Michael Joseph "Mike" Harrington (born September 2, 1936) is an American politician, lawyer and a former U.S. Representative from Massachusetts.

Life and career
Harrington is the son of former State Senator, Salem mayor, and judge Joseph B. Harrington. Harrington graduated from St. John's Preparatory School, in Danvers, Massachusetts, in 1954, then earned a B.A. at Harvard University in 1958 and a J.D. at Harvard Law School in 1961.

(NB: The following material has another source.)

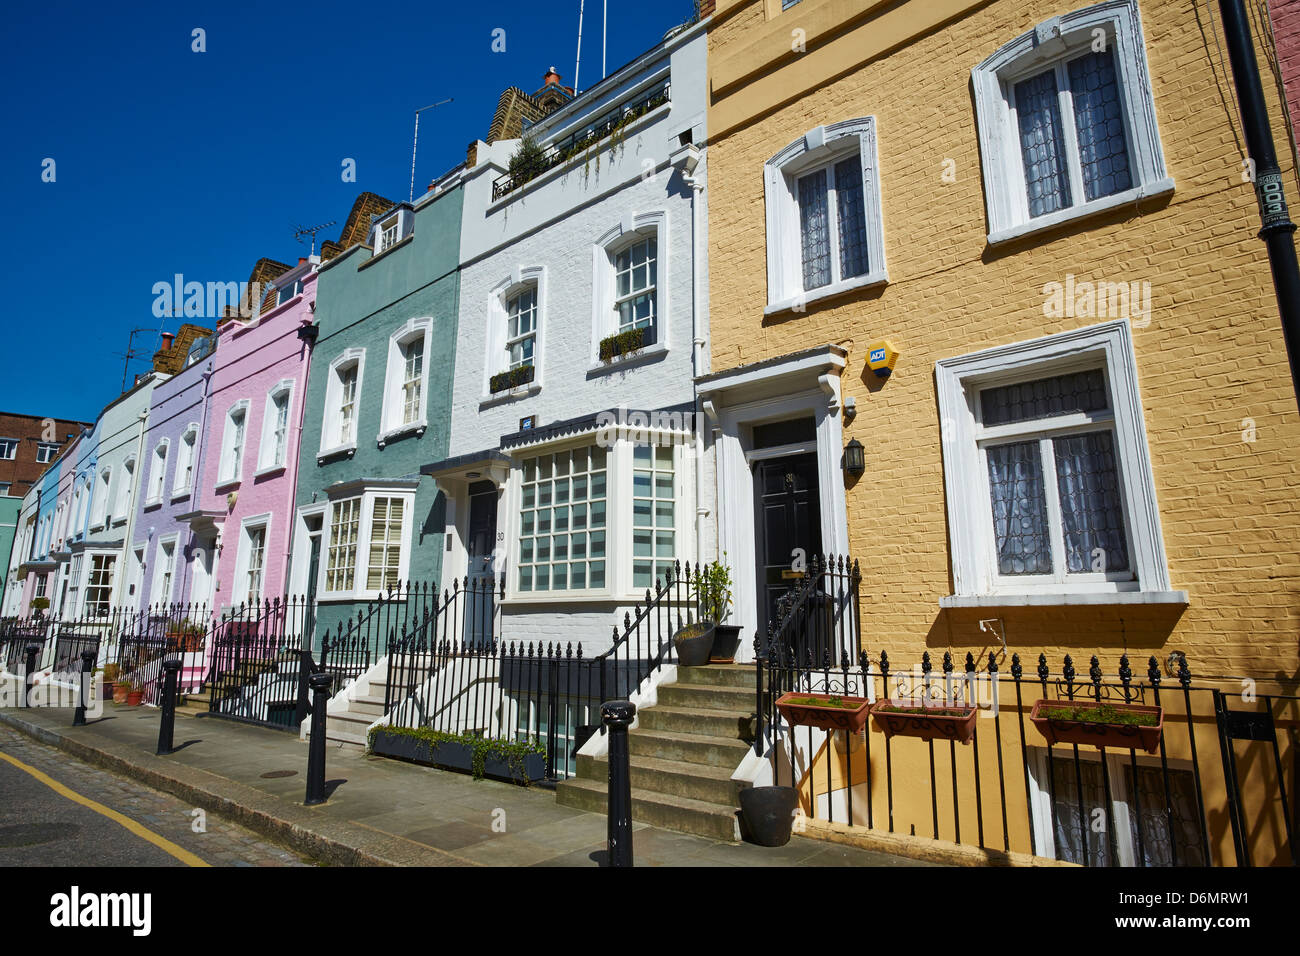 Price uk. Terraced House в Великобритании. A Terrace House в Англии. Италия terraced House. Сплошные дома в Великобритании.
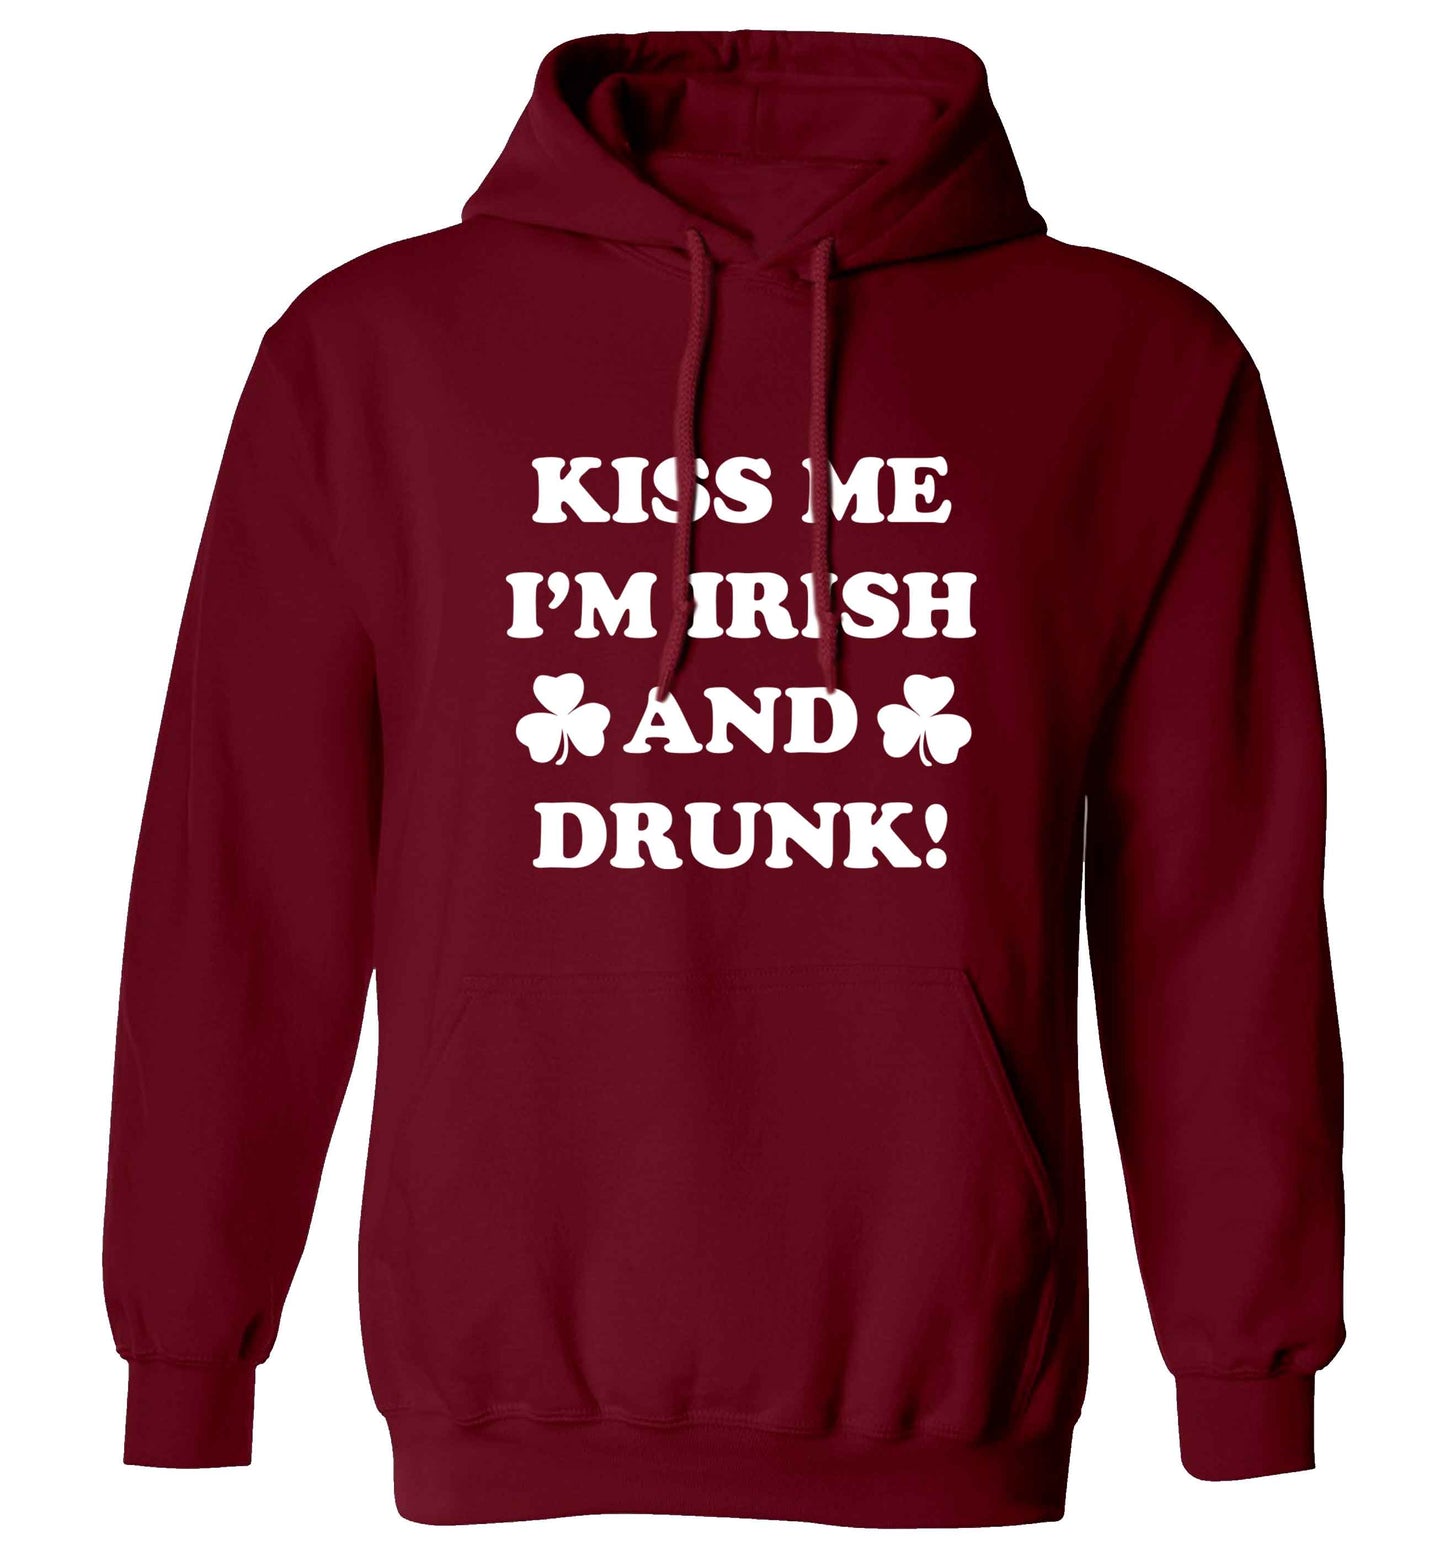 Kiss me I'm Irish and drunk adults unisex maroon hoodie 2XL

After serving on the Salem City Council from 1960 to 1963, Harrington was elected to the Massachusetts State Legislature in 1964, serving until 1969. On September 30, 1969, he won a special election to fill the vacancy caused by the death of U.S. Representative William H. Bates. Harrington defeated Republican state Senator William L. Saltonstall with 52% of the vote. Running in opposition to the Vietnam War, he became the first Democrat to win the 6th Congressional district since 1875. He was subsequently re-elected to four full terms as a Congressman before retiring in 1978.

On July 8, 1975, Rep. Harrington called on House Speaker Carl Albert to convene the Democratic party  committee to examine a secrecy system which he said has covered up "grotesque violations of the law" abroad by the CIA.
At a news conference the Massachusetts Democrat also released three other letters countering efforts in the House to censure him for his role in surfacing the disclosure in 1974 that the CIA spent 11 million dollars (1974 dollars not inflation adjusted) to influence the Chilean political situation.
-(UPI- Washington, July 8, 1975).

Following his retirement from Congress, he became a real estate developer. After a brief run for the Democratic nomination for Massachusetts State Treasurer in 1990, Harrington was charged in 2000 for making false statements to financial institutions, banks, and the Federal Deposit Insurance Corporation. As a result, his law licence was suspended for three years and he was fined $100,000.

Harrington is currently a resident of Beverly, Massachusetts.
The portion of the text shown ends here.